Self-Schemas and Self-Esteem Discrepancies in Subclinical Paranoia: The Essential Role of Depressive Symptoms

Manel Monsonet, Sergi Ballespí, Tamara Sheinbaum, Carmen Valiente, Regina Espinosa, Thomas Richard Kwapil, Neus Barrantes-Vidal

Research output: Contribution to journalArticlepeer-review


Background : Self-concepts are being intensively investigated in relation to paranoia, but research has shown some contradictory findings. Studying subclinical phenomena in a non-clinical population should allow for a clearer understanding given that clinical confounding factors are avoided. We explored self-esteem, self-schemas, and implicit/explicit self-esteem discrepancies in three non-clinical groups with different psychopathological traits and a control group.

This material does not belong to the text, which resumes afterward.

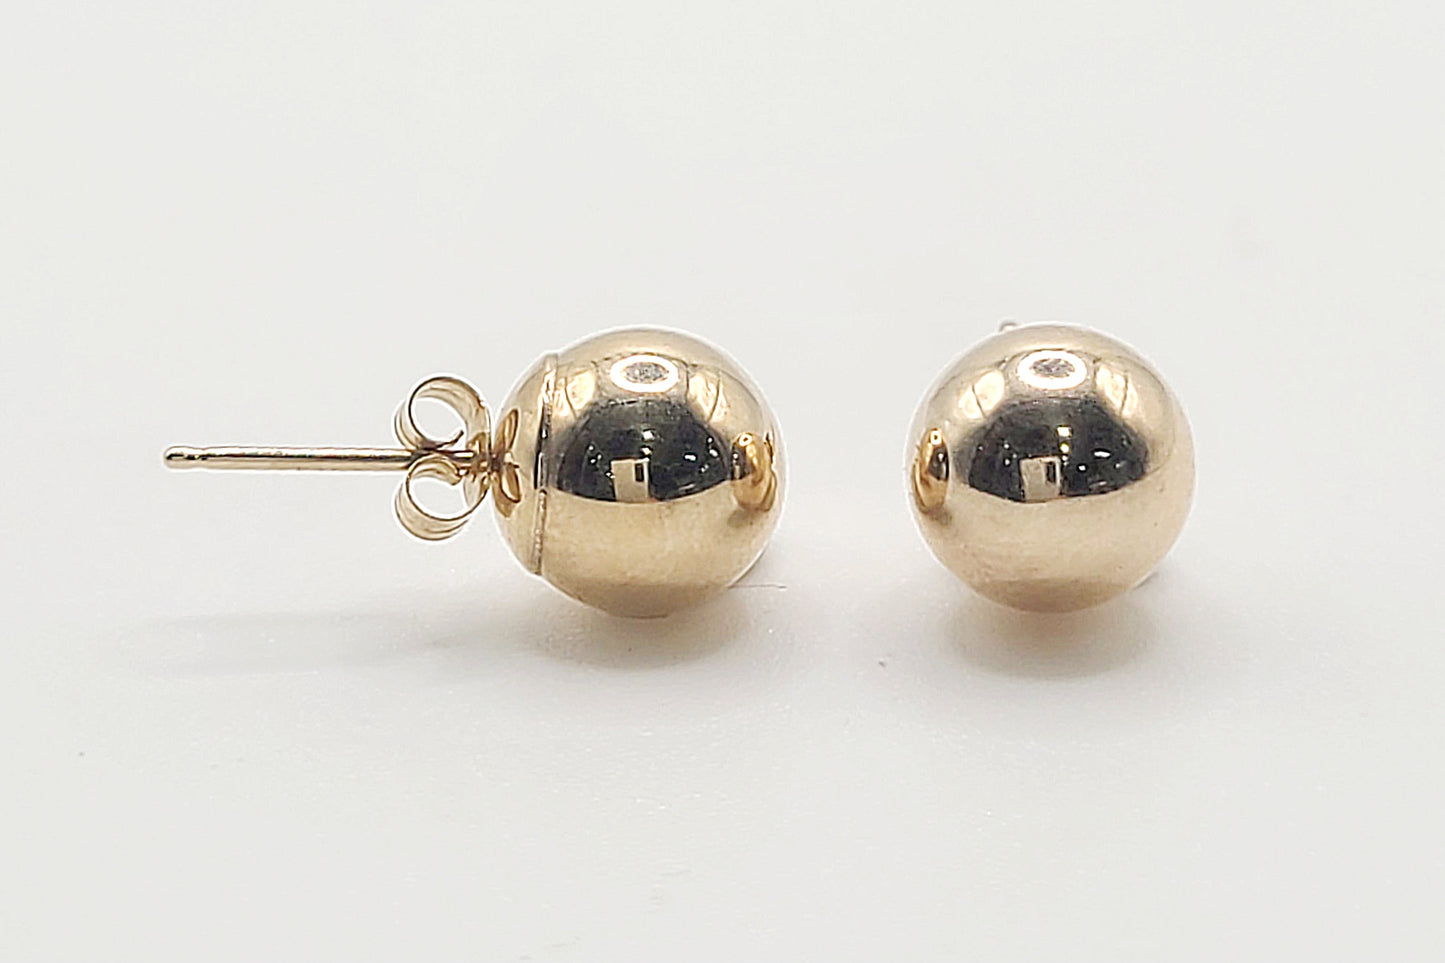 9ct Gold Ball Stud Earrings for Pierced Ears

Methods: Participants with elevated trait-paranoia (n = 41), depressive symptoms (n = 34), a combination of both traits (n = 32), and a control group (n = 71) were assessed on implicit and explicit self-esteem, self-schemas, depression, and paranoia. A dimensional approach with the total sample (n = 208) was also used to complement the information provided by the group approach. Results: All groups presented similar and positive levels of implicit self-esteem. Trait-paranoia participants had similar levels of explicit self-esteem and self-schemas compared with the control group. However, the group with a combination of trait-paranoia and depressive symptoms showed the lowest levels of positive self-schemas and self-esteem. Furthermore, this group and the control group displayed implicit/explicit self-esteem discrepancies, although in opposite directions and with different implications. The dimensional approach revealed associations of trait-paranoia and depressive symptoms with poor explicit self-esteem and self-schemas but not with implicit self-esteem. Conclusions: Trait-paranoia participants showed different self-representations depending on whether depressive symptoms were present or not. The interaction between subclinical neurotic and psychotic traits entailed a detrimental self-representation that might increase the risk for psychopathology.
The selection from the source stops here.